▶ _ENTRIES PROVIDED_
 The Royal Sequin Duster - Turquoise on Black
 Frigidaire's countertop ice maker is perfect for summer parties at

==

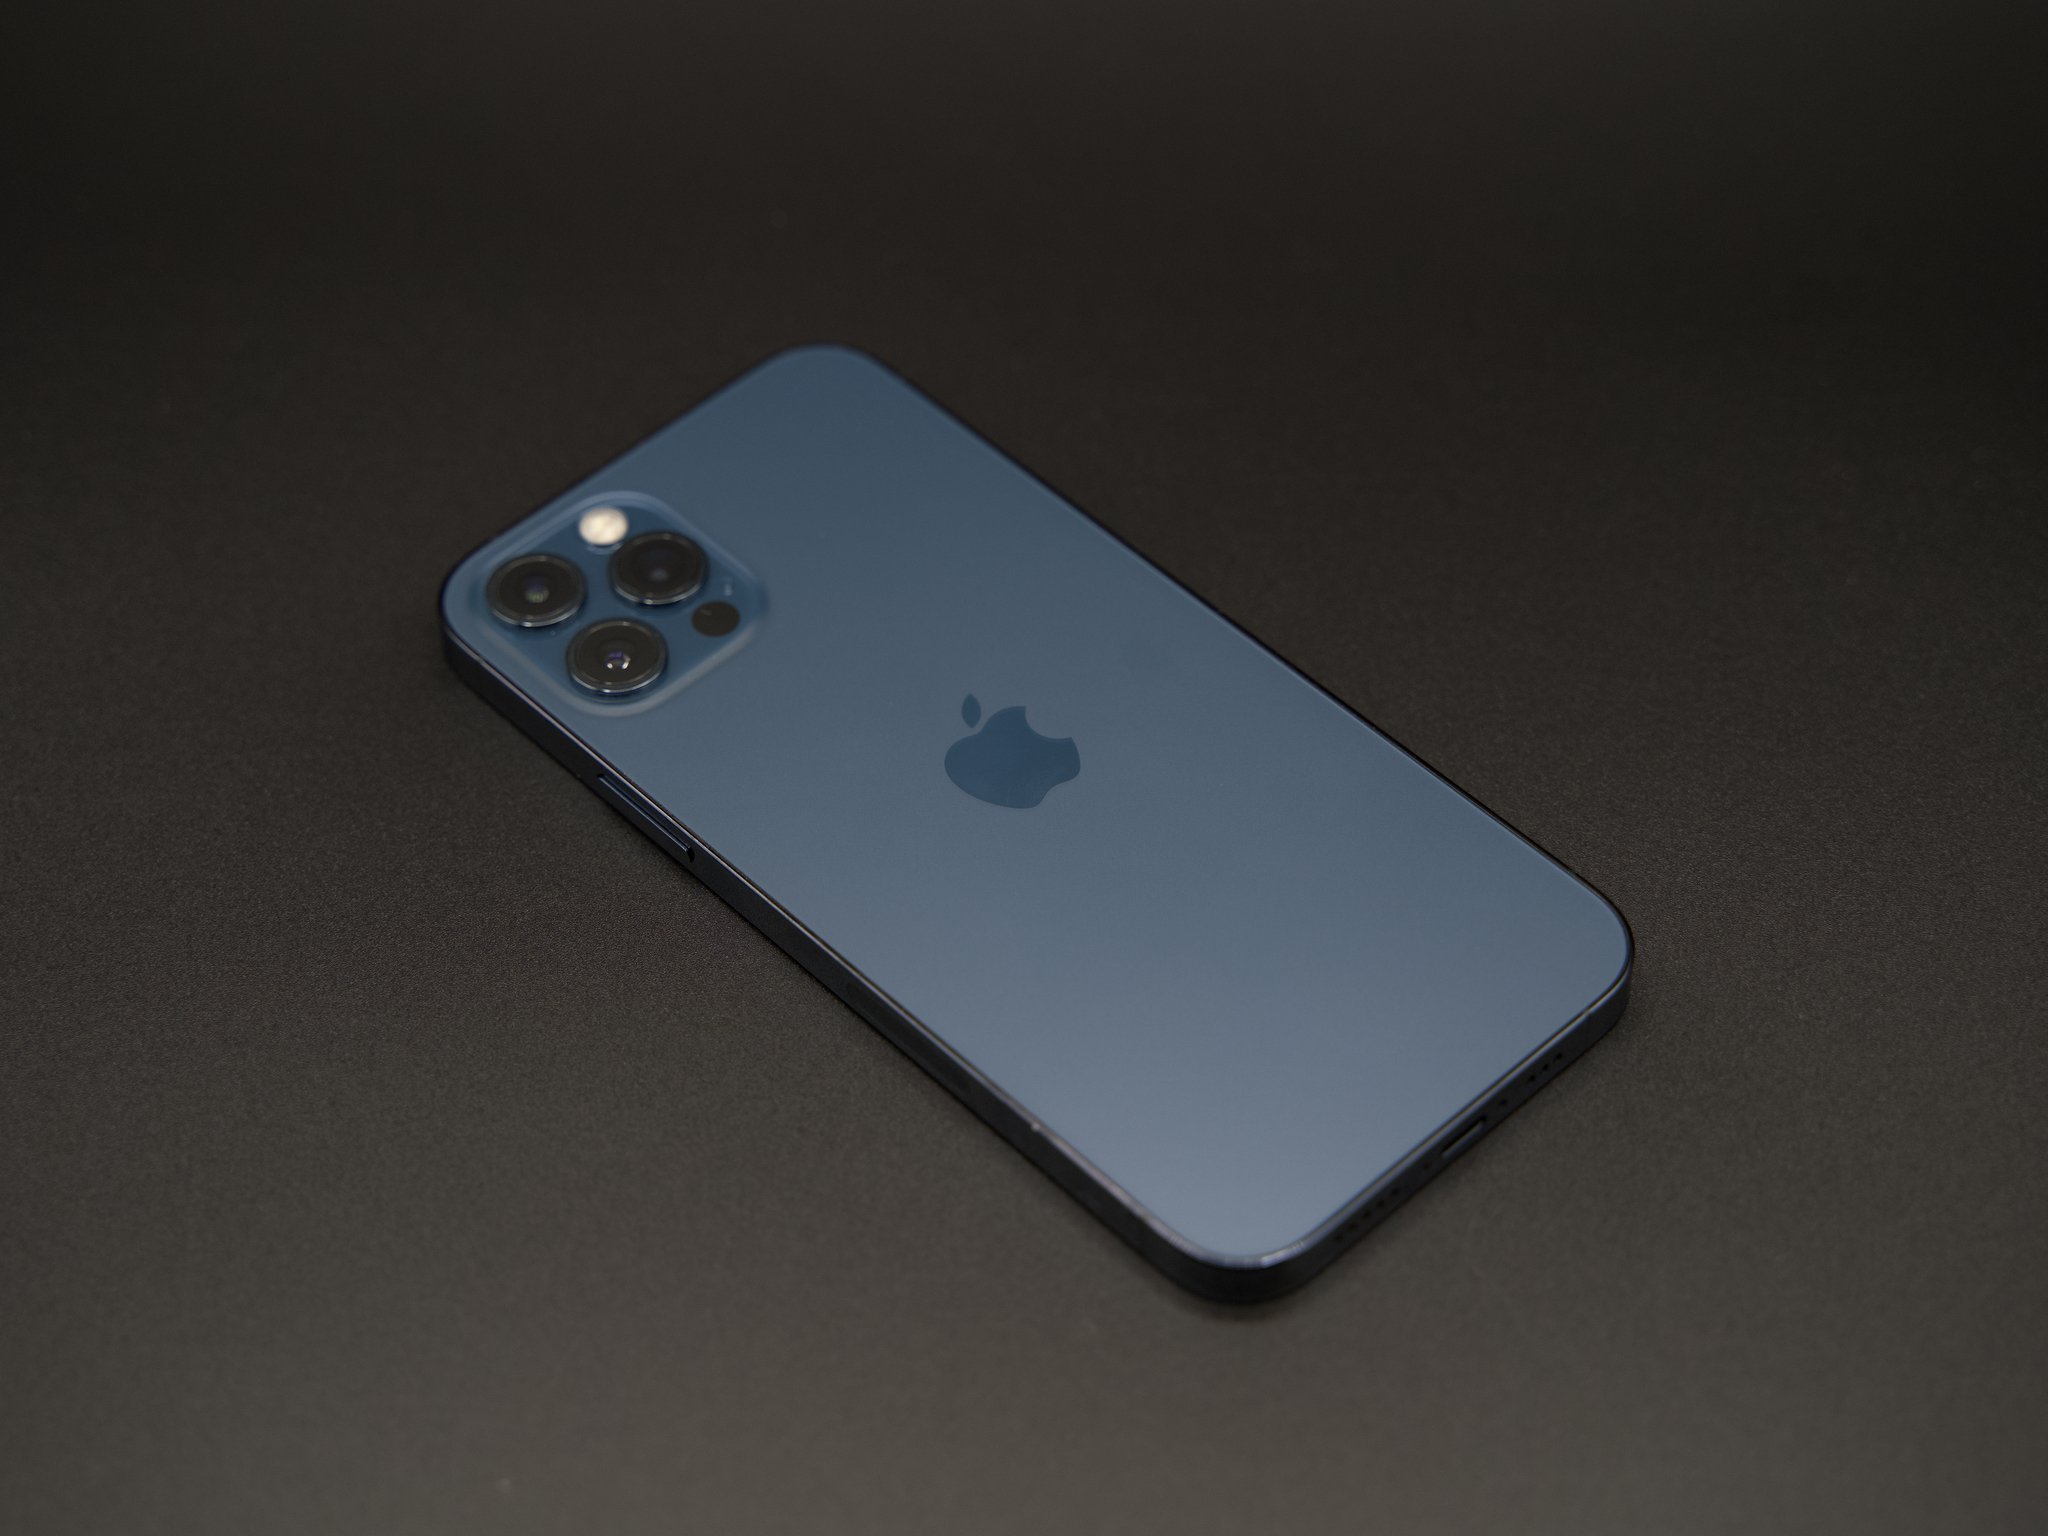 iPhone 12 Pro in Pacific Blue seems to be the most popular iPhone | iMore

▶ _DIRECTIONS_
All lines above from the line with "The Royal Sequin Duster - Turquoise on Black" through the line with "Frigidaire's countertop ice", both included, are to be set down exactly, with nothing else.

▶ _ANSWER BELOW_
 The Royal Sequin Duster - Turquoise on Black
 Frigidaire's countertop ice maker is perfect for summer parties at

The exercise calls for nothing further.